Both of them focus heavily on rooftop bars, which are a thing around the city. This is tempting and intimidating. I want to have a cocktail in the sun and look at the Mediterranean, I’d be a fool not to.
But reading about places like the Sky Bar at Hostal Cuba Hotel makes me wonder if they’re really for me.
All the descriptions suggest these places are popular with young, urbane, aristocratic party dogs who like cocktails I’ve never heard of. I’m not sure how a 50-something pale-skin from Kinsale will fit in around the next Prince of Liechtenstein.
And I don’t need to be reminded that I’m more aching hip than achingly hip.
My guess is we’ll go for one or two roof-toppers early, before getting back down to street level, where we belong.
My last bit of research involves breakfast.

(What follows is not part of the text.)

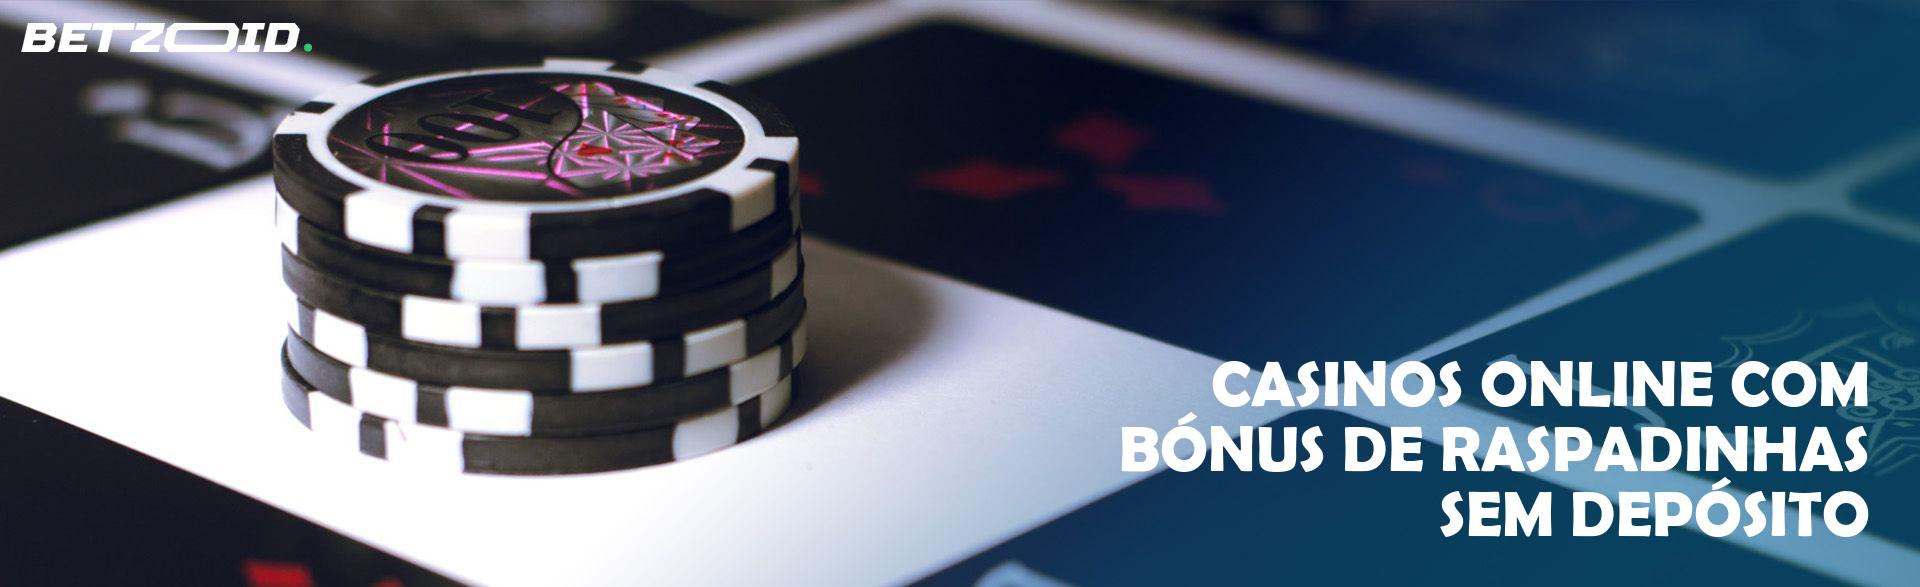 Casinos Online com Bónus de Raspadinhas sem Depósito.

This is vital — we’ve all seen that hungover and hungry couple bickering over where they should go for breakfast.
It’s the most important meal of the day in more ways than one — a quick breakfast in Palma search on TripAdvisor tells me I’d be a fool to miss the Rosevelvet Bakery, down the street from our hotel. My preparation is done, I’m ready to go.

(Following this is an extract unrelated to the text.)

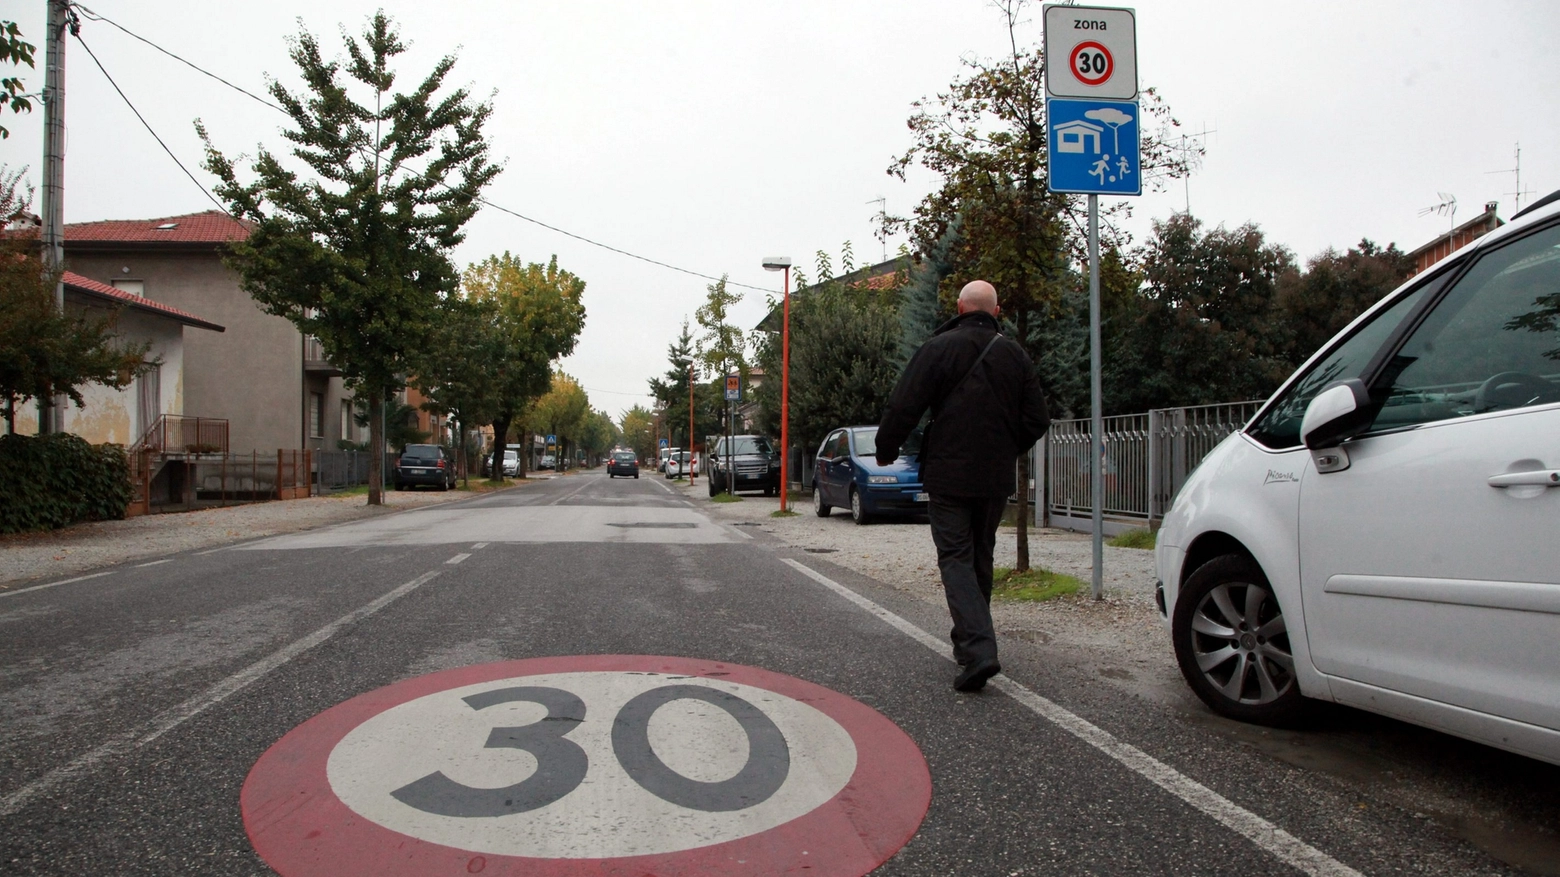 Nasce a Ferrara il comitato a favore di Città 30, progetto atto a limitare le velocità dentro i confini urbani

Two hours after we arrive at to the hotel, I actually feel like crying.
I’d forgotten the golden rule of going to Spain — the only places open in the afternoon are tourist traps that are really good at opening packets of food, frying them and then charging you a fortune to eat them off a plastic table.
At least the people watching was off the scale, so we settled for trying to figure out if people were British or Irish based on their sunburn.
Things took a turn for the better when we found out there’s a rooftop bar in our hotel, the Innside Palma Center.
I didn’t spot the Prince of Liechtenstein up there, it was mainly people my age in swimwear sweatily trying to catch a bit of sun.
We didn’t let them put us off a cocktail or two.
After that, TripAdvisor took control. We made it to Bar Espana later, a bit gin rowdy and starving.
The food was off the scale delicious, the wine was better, we both fancied our waiter and the bill was about 40 quid. Go there if you go to Palma, just make sure you book.
Breakfast was so good in the Rosevelvet Bakery the next morning, we went there for the next two mornings after that. Later that night, we went to La Juanita Cuina Fresca, for the make-or-break restaurant experience.
It was a small place with a set menu, cooked by the owner, all seafood, there was a soup in there and baby squid and broad beans and a dessert with sesame and yoghurt which should be made illegal it was so good.
I’m no food writer, but the chef was flopped down taking a break outside the restaurant as we were leaving, and I was this close to giving him a hug.
It was one of the best meals of my life, my wife loved it too.
I’ll definitely go there on our next trip — unless TripAdvisor tells me to go elsewhere.